In this setting, the Atiyah flop is a rooftop flip modeled by \(\mathbb {P}^1\times \mathbb {P}^1\). As we will see, the class of rooftop flips includes classical birational transformations: the Atiyah flip is a rooftop flip modeled by \(\mathbb {P}^m\times \mathbb {P}^l\), and the Mukai flop (see [6, 21]) is a rooftop flip modeled by \(\mathbb {P}\left( T_{\mathbb {P}^2}\right) \). In the paper we discuss the definition of rooftop flip and its connection with smooth projective varieties having a \({\mathbb C}^*\)-action with only two fixed point components. Our main result is the following:

Theorem 1.1

Given a smooth projective variety \(\Lambda \) of Picard number 2 with two projective bundle structures, there exists a rooftop flip modeled by \(\Lambda \).

1.1 Outline

In Sect. 2 we recall some notions regarding \({\mathbb C}^*\)-actions on smooth polarized pairs and we recall the definition of Morelli-Włodarczyk cobordism (see Definition 2.3).

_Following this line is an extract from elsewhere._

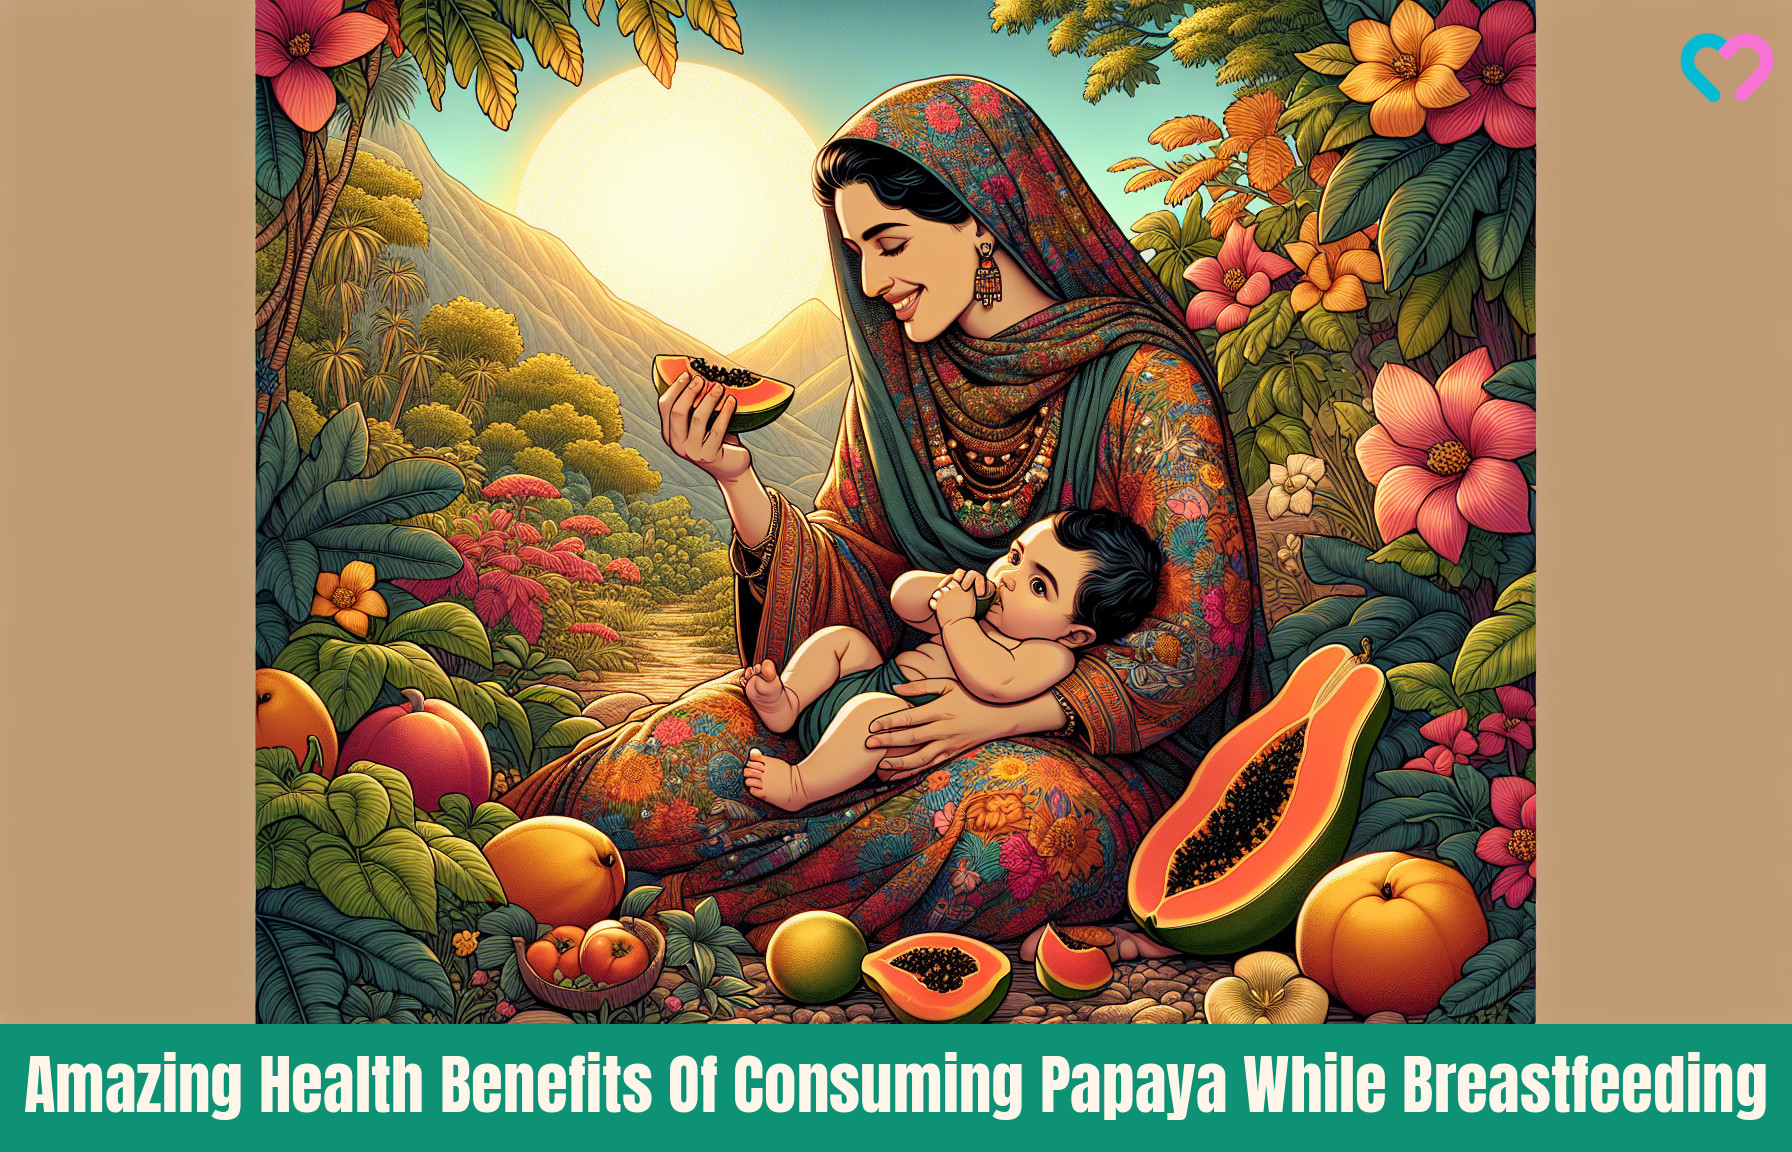 Papaya While Breastfeeding_illustration

We begin Sect. 3 by focusing on the case of \({\mathbb C}^*\)-actions whose associated fixed point locus consists only of 2 connected components; such varieties are called drums (see Definition 3.3) and they are constructed upon the choice of a triple \((Y,{\mathcal L}_-,{\mathcal L}_+)\), where Y is a smooth projective variety of Picard number 2 admitting two projective bundle structures, and \({\mathcal L}_{\pm }\) are semiample line bundles on Y. We then introduce and discuss the notion of rooftop flip (see Definition 3.12), and we state our main result, namely Theorem 1.1. We conclude by revisiting the example of Atiyah flip and prove that it is indeed a rooftop flip (see Sect. 3.3).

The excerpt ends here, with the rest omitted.